* **Given entries**:
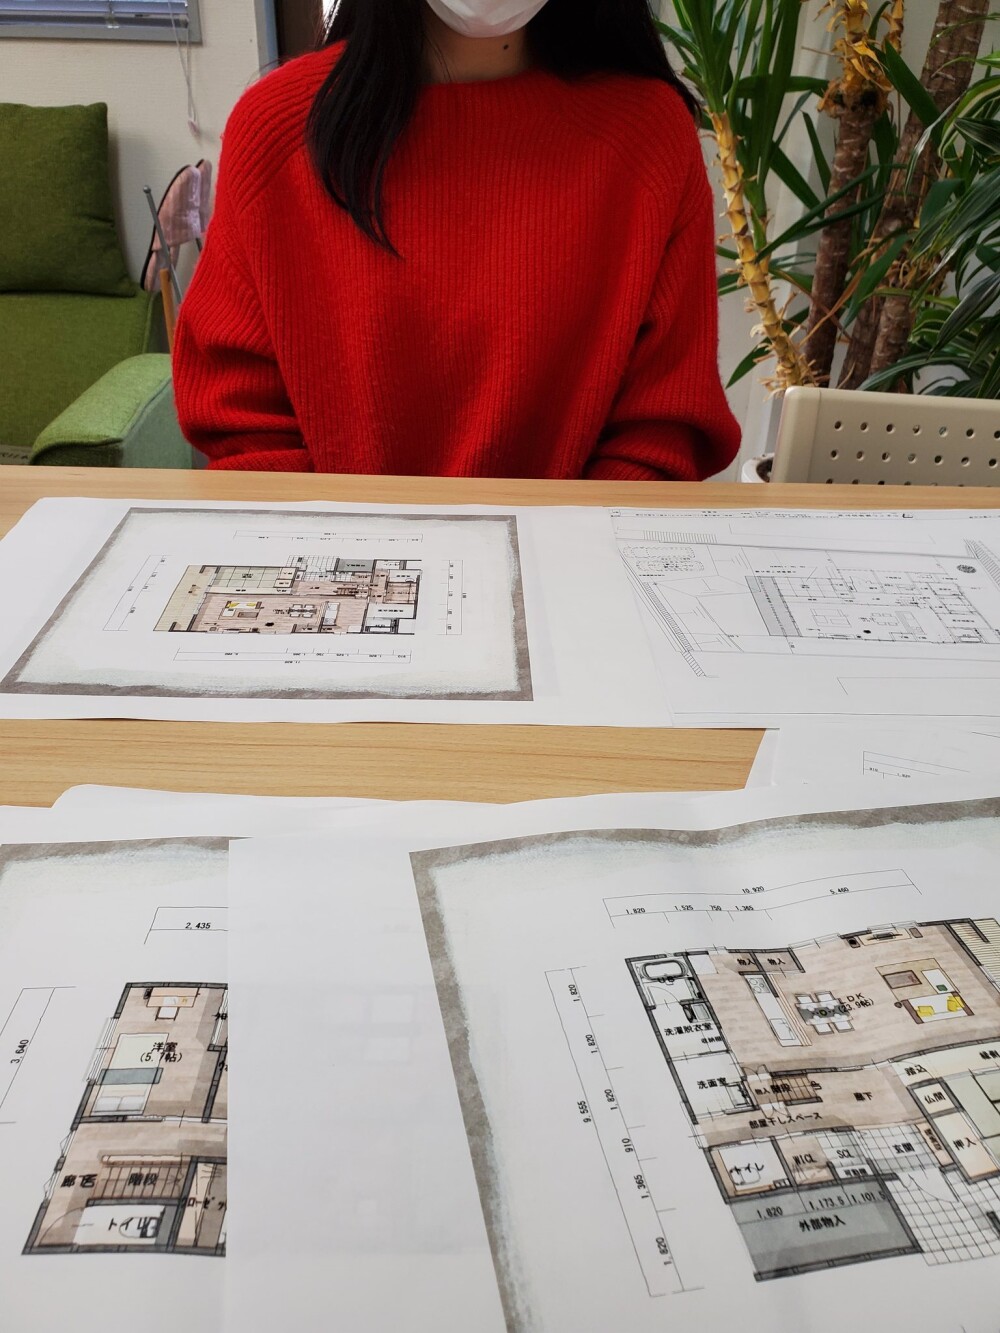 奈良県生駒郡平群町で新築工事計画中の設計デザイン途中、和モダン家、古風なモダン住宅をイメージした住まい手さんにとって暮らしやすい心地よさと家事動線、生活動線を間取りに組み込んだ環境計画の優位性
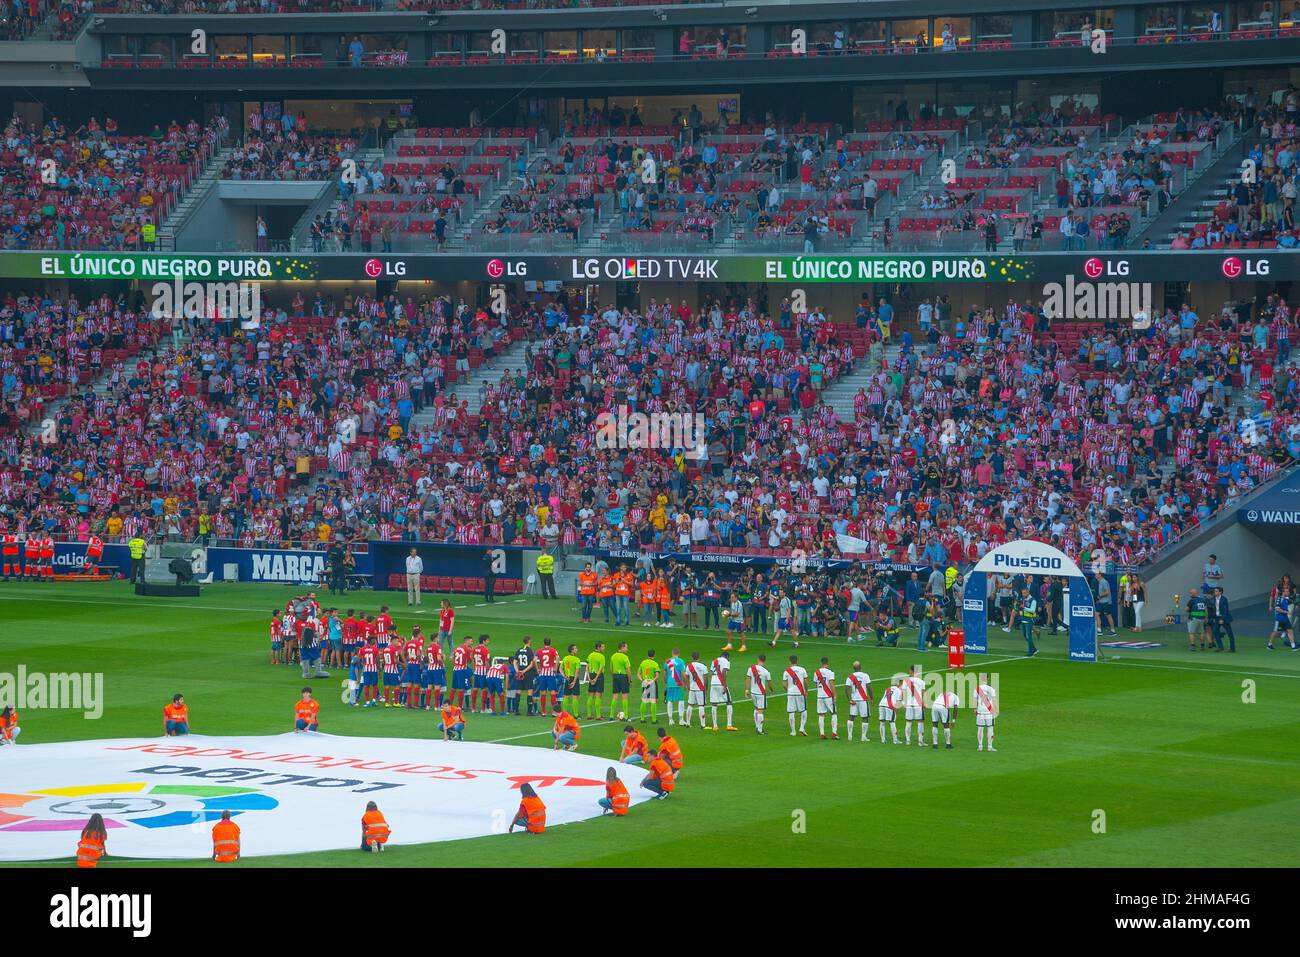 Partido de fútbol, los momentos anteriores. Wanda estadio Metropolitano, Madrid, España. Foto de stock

---

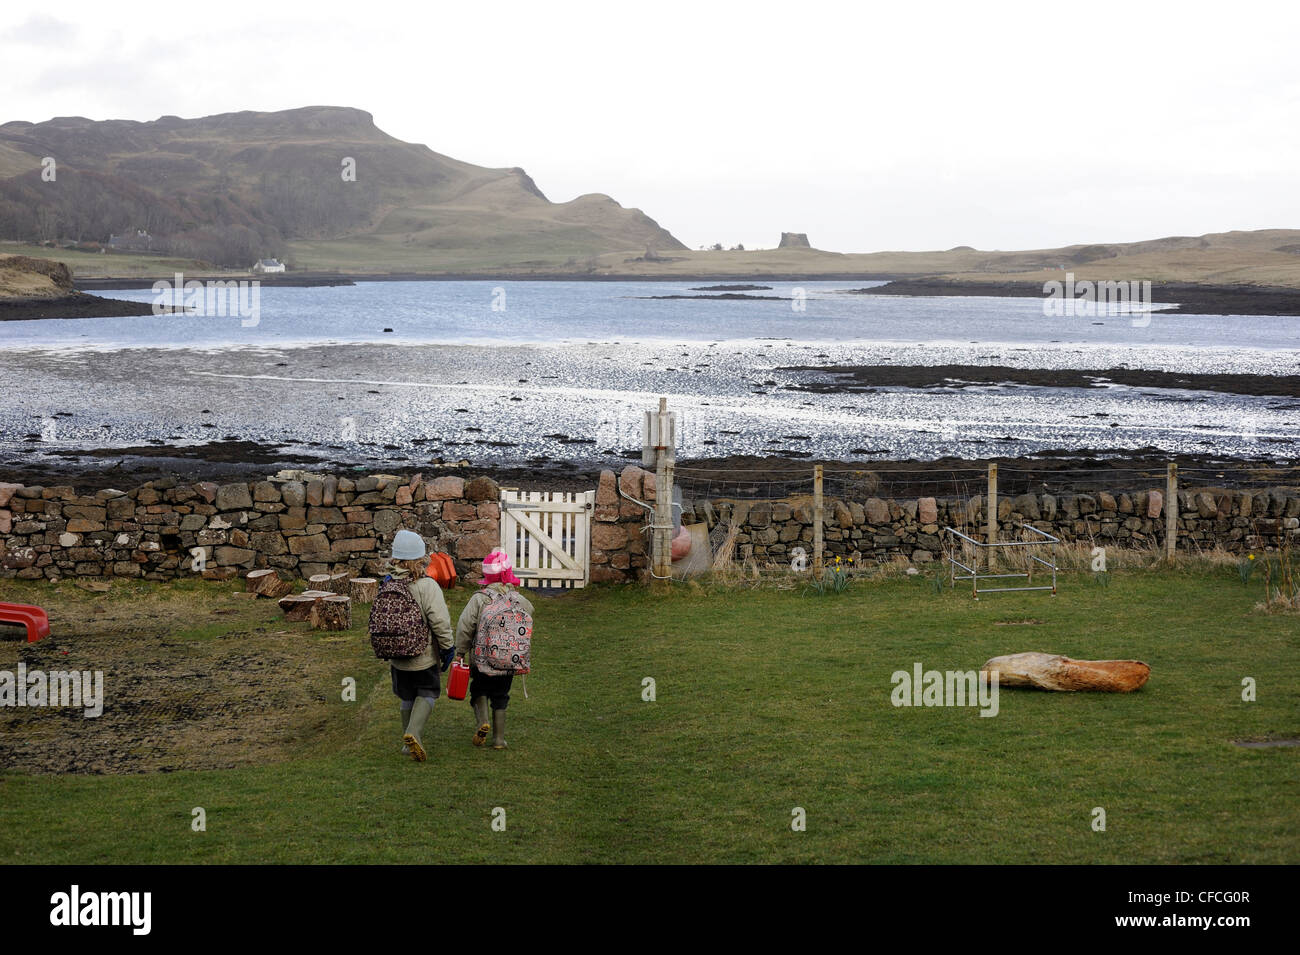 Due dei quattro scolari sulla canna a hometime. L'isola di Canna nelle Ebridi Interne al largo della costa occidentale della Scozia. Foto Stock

--

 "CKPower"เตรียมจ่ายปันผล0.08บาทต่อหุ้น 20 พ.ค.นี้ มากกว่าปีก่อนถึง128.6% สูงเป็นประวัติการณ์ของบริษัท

* **What is required**: Would you set down only the lines above from the line with "奈良県生駒郡平群町で新築工事" to the line with "Partido de fútbol, los", both included, exactly as they stand and without the pictures?

* **Final answer**:
 奈良県生駒郡平群町で新築工事計画中の設計デザイン途中、和モダン家、古風なモダン住宅をイメージした住まい手さんにとって暮らしやすい心地よさと家事動線、生活動線を間取りに組み込んだ環境計画の優位性
 Partido de fútbol, los momentos anteriores. Wanda estadio Metropolitano, Madrid, España. Foto de stock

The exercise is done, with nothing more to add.